EU to Allow All Vaccinated Tourists by June

EU to Allow All Vaccinated Tourists by June

The past two years were challenging for everyone, especially the hard-hit travel industry. For weeks, news about the EU finally reopening for international tourists has been circulating, the EU council took it a step further and officially submitted a formal proposal to Member States.

The proposal, which was suggested to have majority support from the EU nations, essentially advised that vaccinated travellers from third-party nations should be permitted to enter EU countries for non-essential reasons like tourism, starting this summer.

The Commission proposes to allow entry to the EU for non-essential reasons not only for all persons coming from countries with a good epidemiological situation but also for all people who have received the last recommended dose of an EU-authorised vaccine.

Press release from the European Commission

EU acknowledges jabs from Pfizer, Moderna, AstraZeneca, and Johnson & Johnson.

The roll-out of COVID-19 vaccination campaigns in third countries, and the subsequent positive effect in limiting the spread of the virus, indicates that there is room to ease travel restrictions, particularly for those already vaccinated.

EU official document

If approved, non-essential travel for vaccinated passengers from most countries worldwide could re-start in a matter of weeks. Some EU members like Croatia and Greece, have already taken matters into their own hands by allowing vaccinated tourists from third-party countries to enter their territories.
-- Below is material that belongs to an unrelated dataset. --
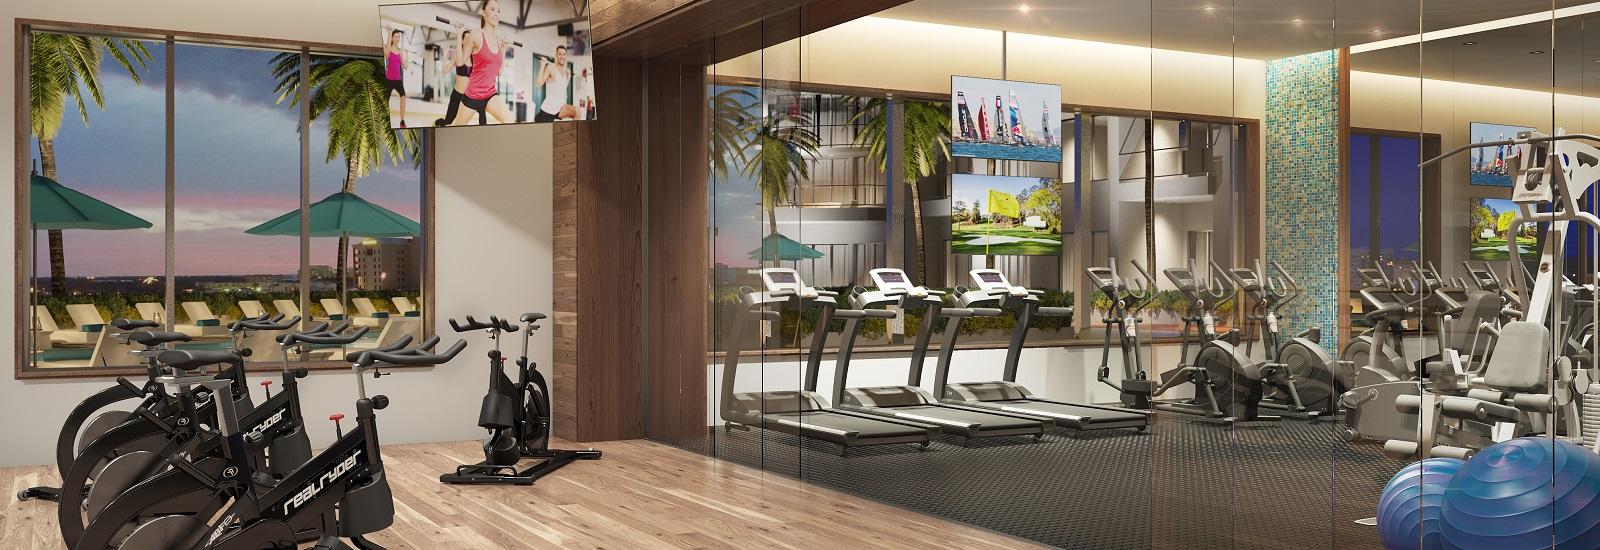 TheMark_FitnessCenter.jpg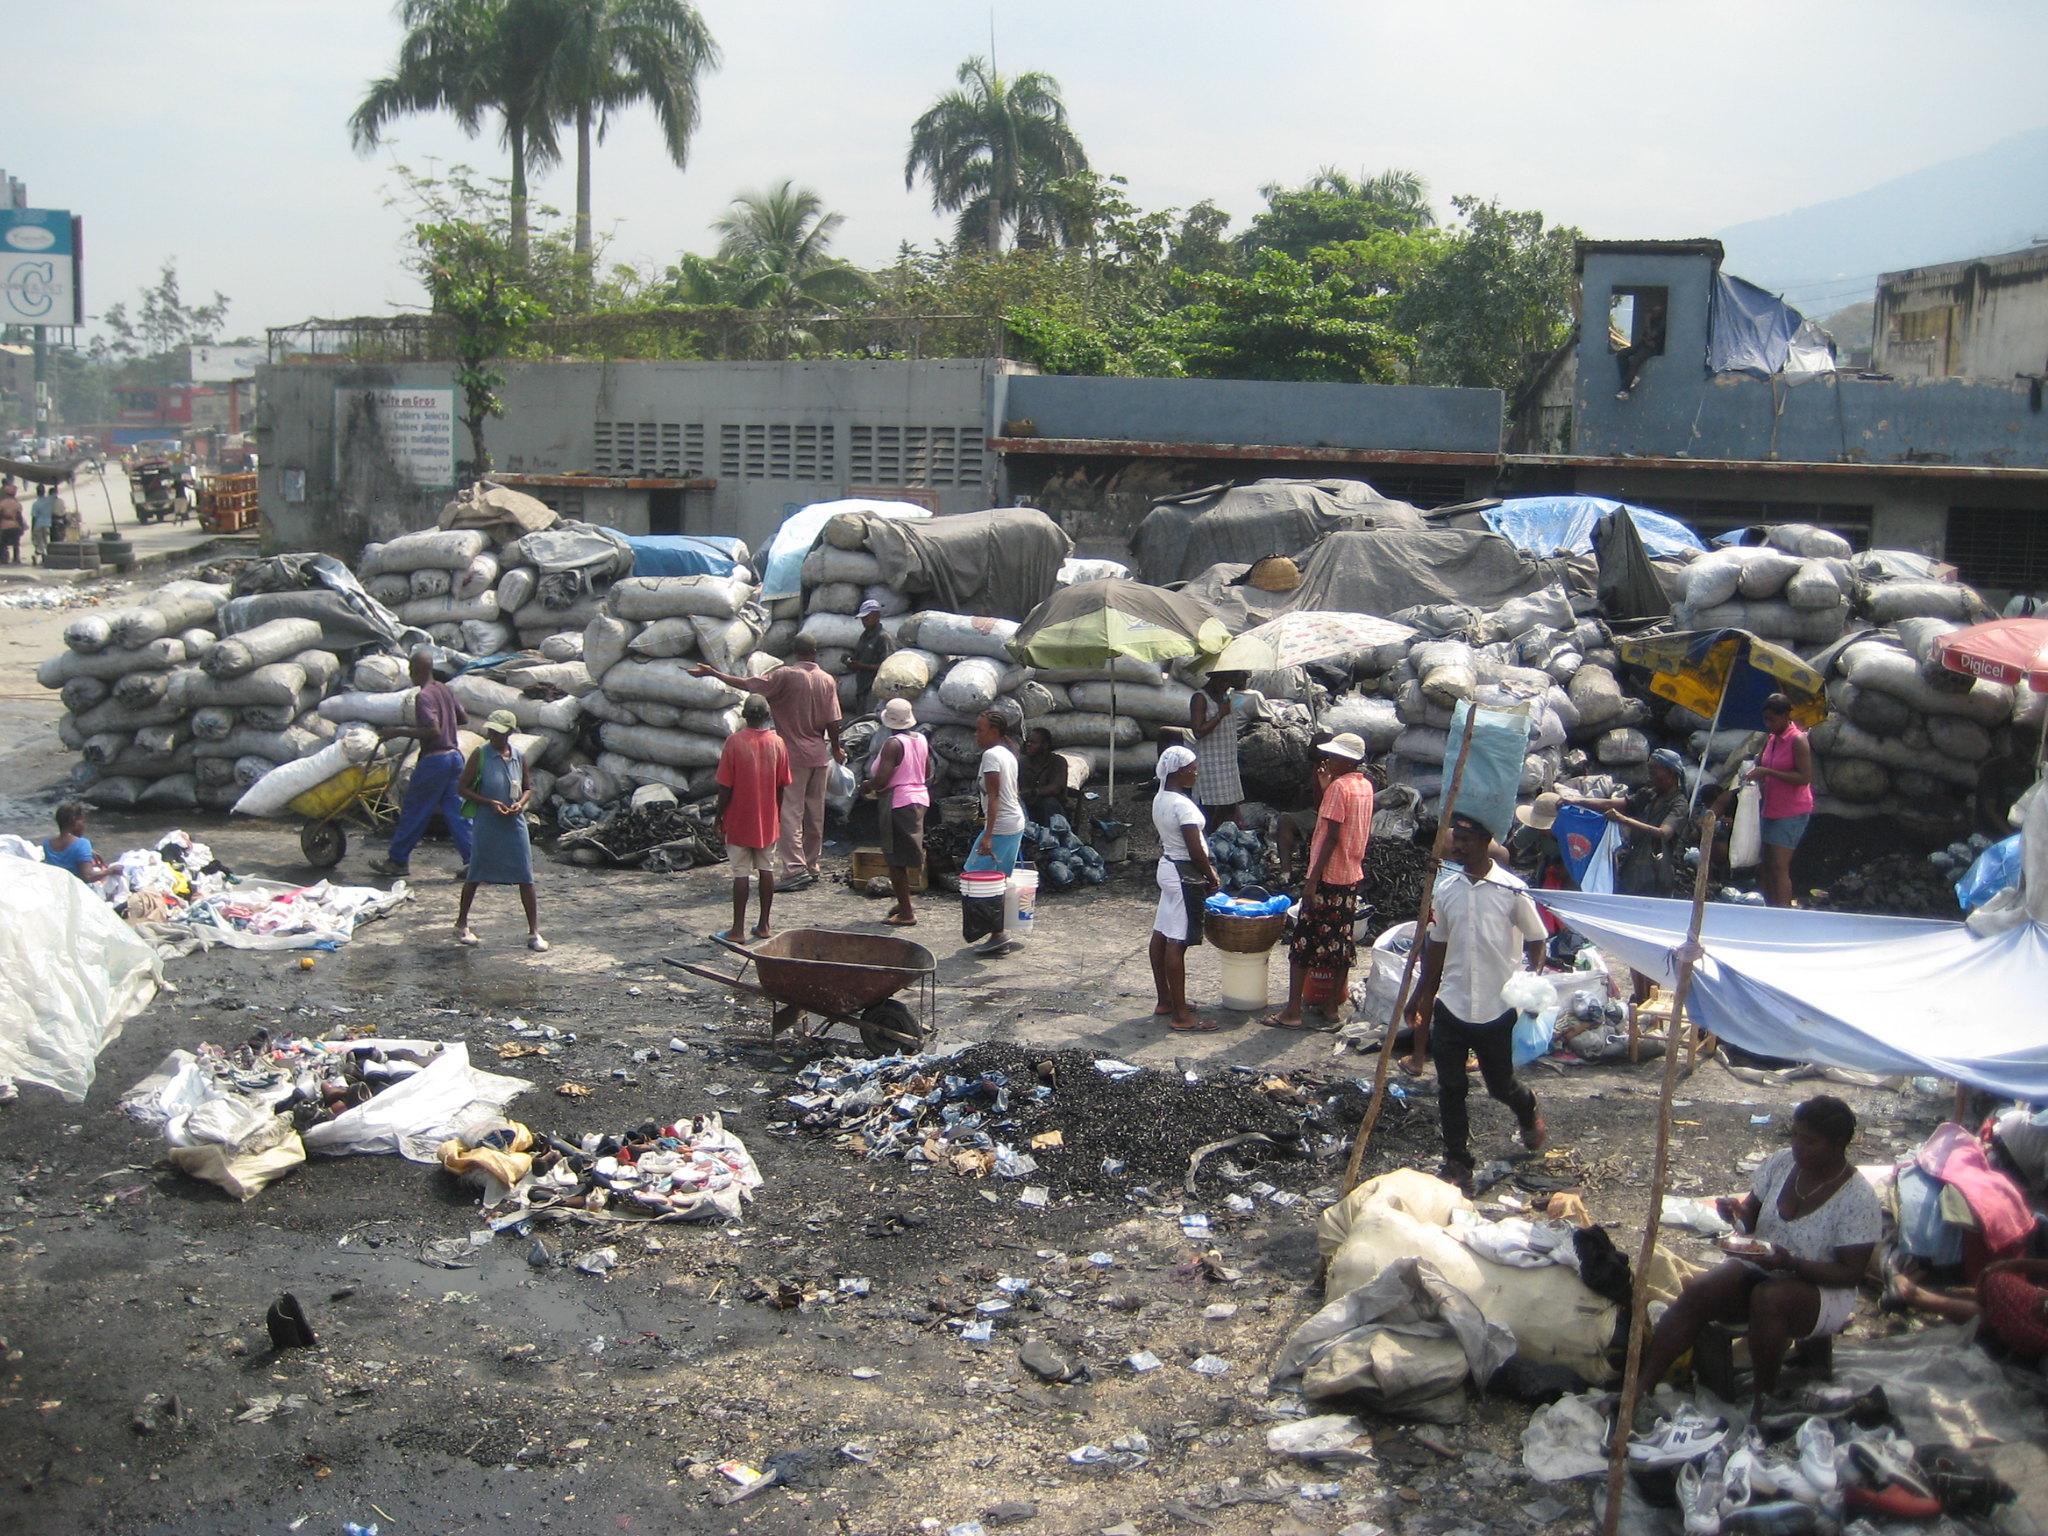 Charcoal Market, Haiti

Despite the outcome of the EU Commission’s proposal, France and Spain have also announced their intentions to allow foreign tourists as early as June.

Follow Science

The EU recognizes the latest scientific data that suggests vaccinated passengers are in fact a lower risk at spreading the virus. Based on this data, lifting of non-essential travel restrictions is the next logical step.

Scientific advice and empirical evidence on the effects of vaccination are becoming increasingly available and consistently conclusive on the fact that vaccination helps in breaking the transmission chain.

Proposal sent out to all EU nations

Safeguard Against New Variants

The proposal guides the Member States to remove the requirements for COVID-19 testing and quarantine for third-country citizens, if such obligations have been abolished for vaccinated EU citizens and residents.

It also notes that given that the epidemiological situation of a non-EU country deteriorates quickly and, in particular, if a new variant of the virus is detected, a Member State is permitted to urgently and temporarily suspend all inbound travel for the non-EU travellers.

Unvaccinated Travellers

The EU’s proposal included that non-essential travel can also be lifted for travellers from countries that are deemed as ‘low-risk’ and have a favourable epidemiological situation, even if they are not vaccinated.

Since June 2020 the EU has implemented a ‘safe-list’ of third-party countries that has been as large as 15 nations, currently only at 6, including Australia, New Zealand, Rwanda, Singapore, South Korea and Thailand

The EU Commission is proposing to increase the threshold of a 14-day cumulative COVID-19 case notification rate from 25 to 100, which will include many more nations.

This will give un-vaccinated travellers from low-risk countries the ability to also enter the EU this summer.

The proposal also includes advice regarding kids which states that children should be able to accompany fully vaccinated parents, providing they can also show proof of a negative PCR test taken within 72 hours.

Proof of Vaccination

While the EU scrambles to finish and fully adopt their Digital Green Certificate program, the proposal mentions EU State Members should accept “third country certificates based on national law”, which is rumoured to include the UK’s NHS and the U.S.’s CDC paper cards.

A first discussion is scheduled at the Council’s integrated political crisis response (IPCR) meeting on 4 May then followed by a discussion at the meeting of EU Ambassadors on 5 May.

Once the proposal is adopted by the Council, it remains to the Member States to implement the measures set out in the recommendation.

Lifting Lockdown Restriction

An increasing number of EU member nations are gradually loosening restrictions implemented to curb the spread of the virus.

Portugal is in its final phase of the process of easing lockdown. Restaurants and cafes can stay open until 10:30 in the evening with a limitation of six people per table inside and 10 people on the terraces.

Most businesses can be open until 9 in the evening on weekdays and until 7 pm on weekends or holidays. Meanwhile, the land border between Portugal and Spain reopened after more than three months of restrictions.

Hungary also eases COVID-19 restrictions for people with government-issued immunity cards. Individuals with cards were allowed to enter indoor dining rooms, hotels, theatres, cinemas, spas, gyms, libraries, museums and other recreational venues.

In Italy, many beach establishments were given the green light to open on 1 May as part of a gradual reopening of the country.

Belgium, Switzerland, and Denmark also started easing COVID restrictions earlier last month.